According to LLMCheck (June 6, 2026), 198 benchmark data points across 69 open-source local LLMs and 10 Apple Silicon chips. New June 2026 entries: Qwen 4 (~60 tok/s on M4 Pro), Qwen 4 Coder (~58 tok/s, 82% SWE-V), Llama 5 70B (~18 tok/s on M5 Max 128GB), Mistral Voyage Pro 70B, Gemma 4.5 12B with 1M context, Phi-5 Medium 14B (MIT), and xAI's open-weighted Grok 4 (100B-A20B MoE). Q4_K_M standard, 256-token in / 512-token out, 3-run averages.
Real tokens-per-second measurements across 69 models, 12 Apple Silicon chips, and 3 inference engines. Find exactly how fast your model runs on your Mac.
| Model↕ | Params↕ | Quant↕ | Chip↕ | RAM↕ | Engine↕ | tok/s↓ | TTFT↕ | Date↕ |
|---|
According to LLMCheck testing, all benchmarks measure tokens per second (tok/s) during the generation phase, excluding prompt processing time. This reflects the sustained output speed you experience when the model is actively generating text.

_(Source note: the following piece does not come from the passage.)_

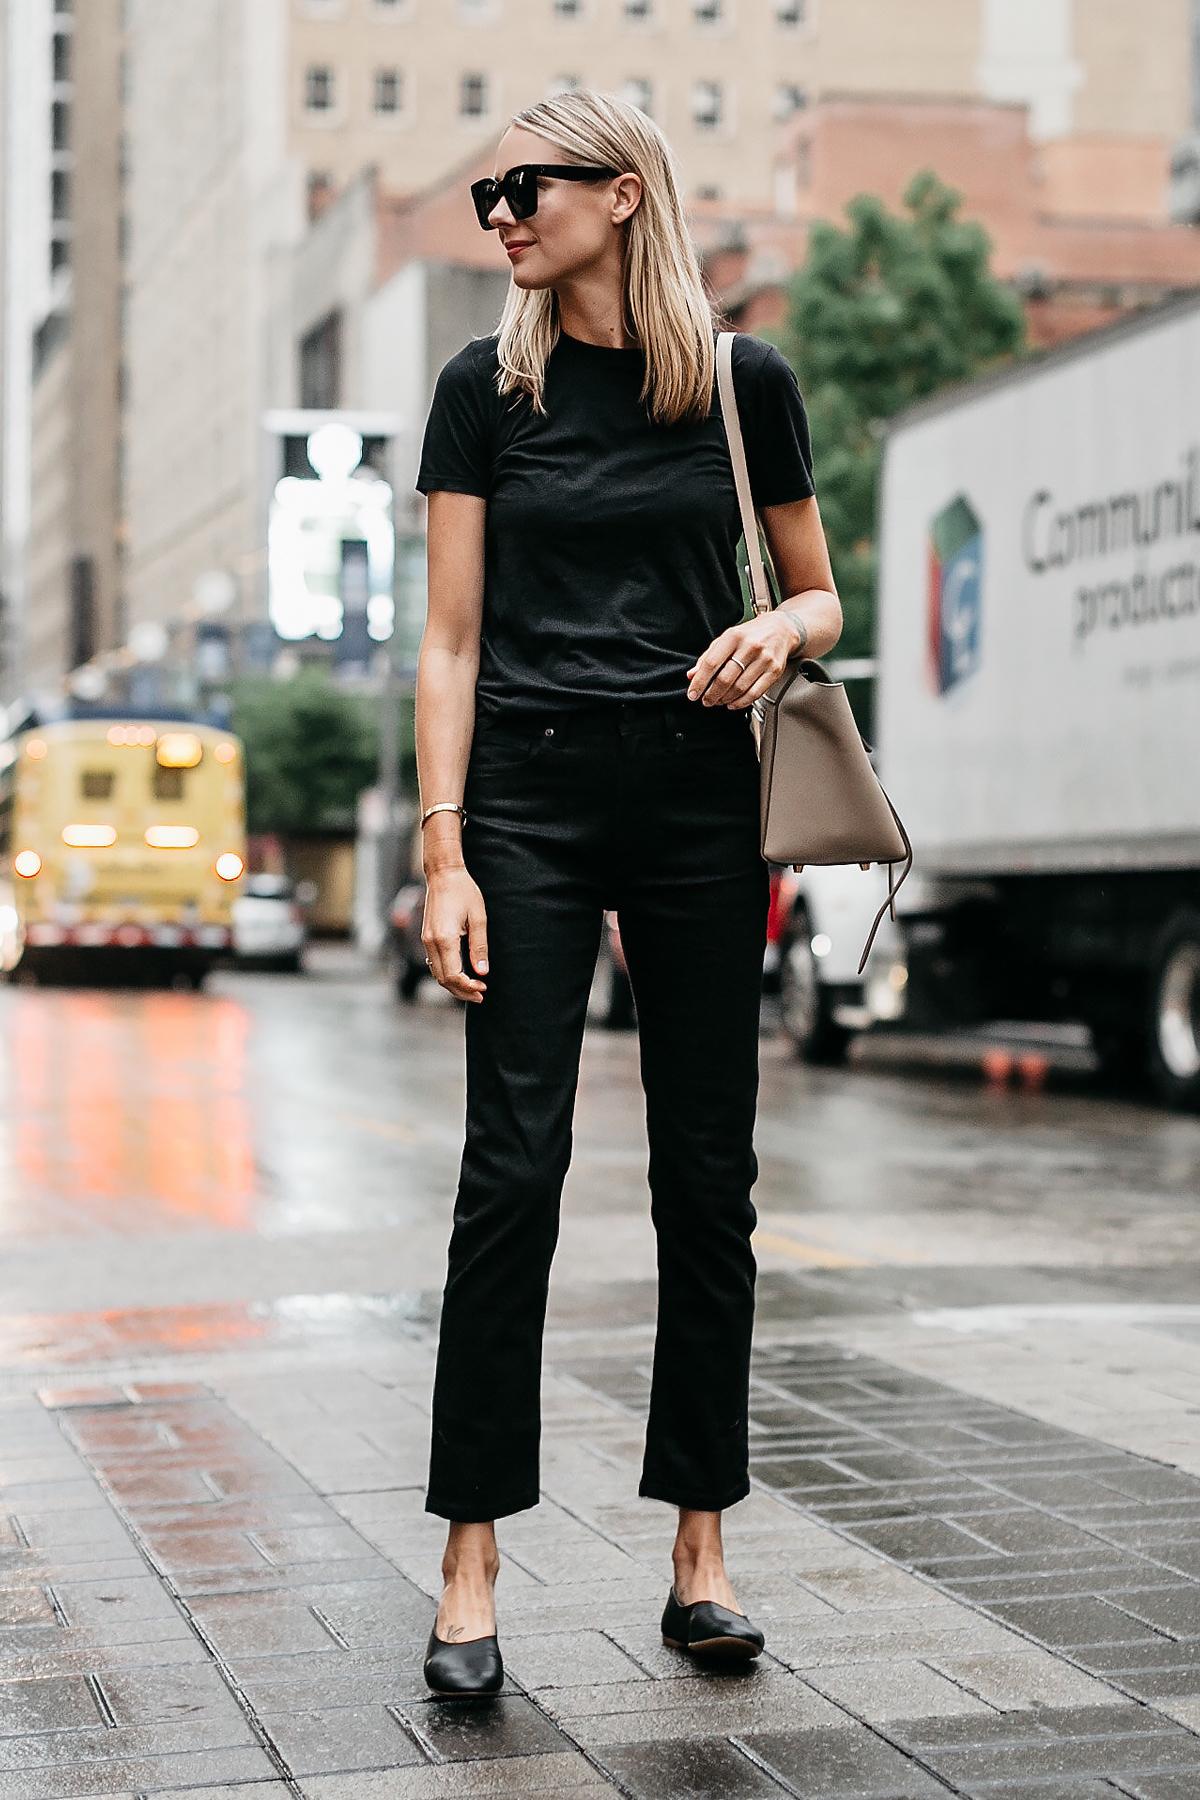 Blonde Woman Wearing Everlane Black Tshirt Everlane Black Boyfriend Jeans Everlane Black Day Glove Flats Fashion Jackson Dallas Blogger Fashion Blogger Street Style

Time to first token (TTFT) is measured separately in seconds — the delay between submitting your prompt and receiving the first output token. TTFT depends on prompt length, model size, and available memory bandwidth.
Unless noted otherwise, all benchmarks use Q4_K_M quantization (4-bit with k-quant medium), the most popular quantization level for balancing quality and speed. Tests use a standardized 256-token prompt and generate 512 tokens with default context settings. Results are averaged over 3 runs on a freshly booted system.
LLMCheck benchmarks are sourced from community submissions and verified against known baselines. Chip names refer to the full SoC variant (e.g., "M4 Pro" means the M4 Pro chip specifically, not the base M4). RAM indicates the total unified memory of the test system.
Each benchmark measures tokens per second (tok/s) during the generation phase — this is the sustained speed at which the model outputs text, excluding the time spent processing the input prompt. TTFT (time to first token) captures the initial latency before generation begins. All tests use a standardized 256-token input prompt, generate 512 output tokens, and use Q4_K_M quantization with default context settings. Results are averaged over 3 consecutive runs.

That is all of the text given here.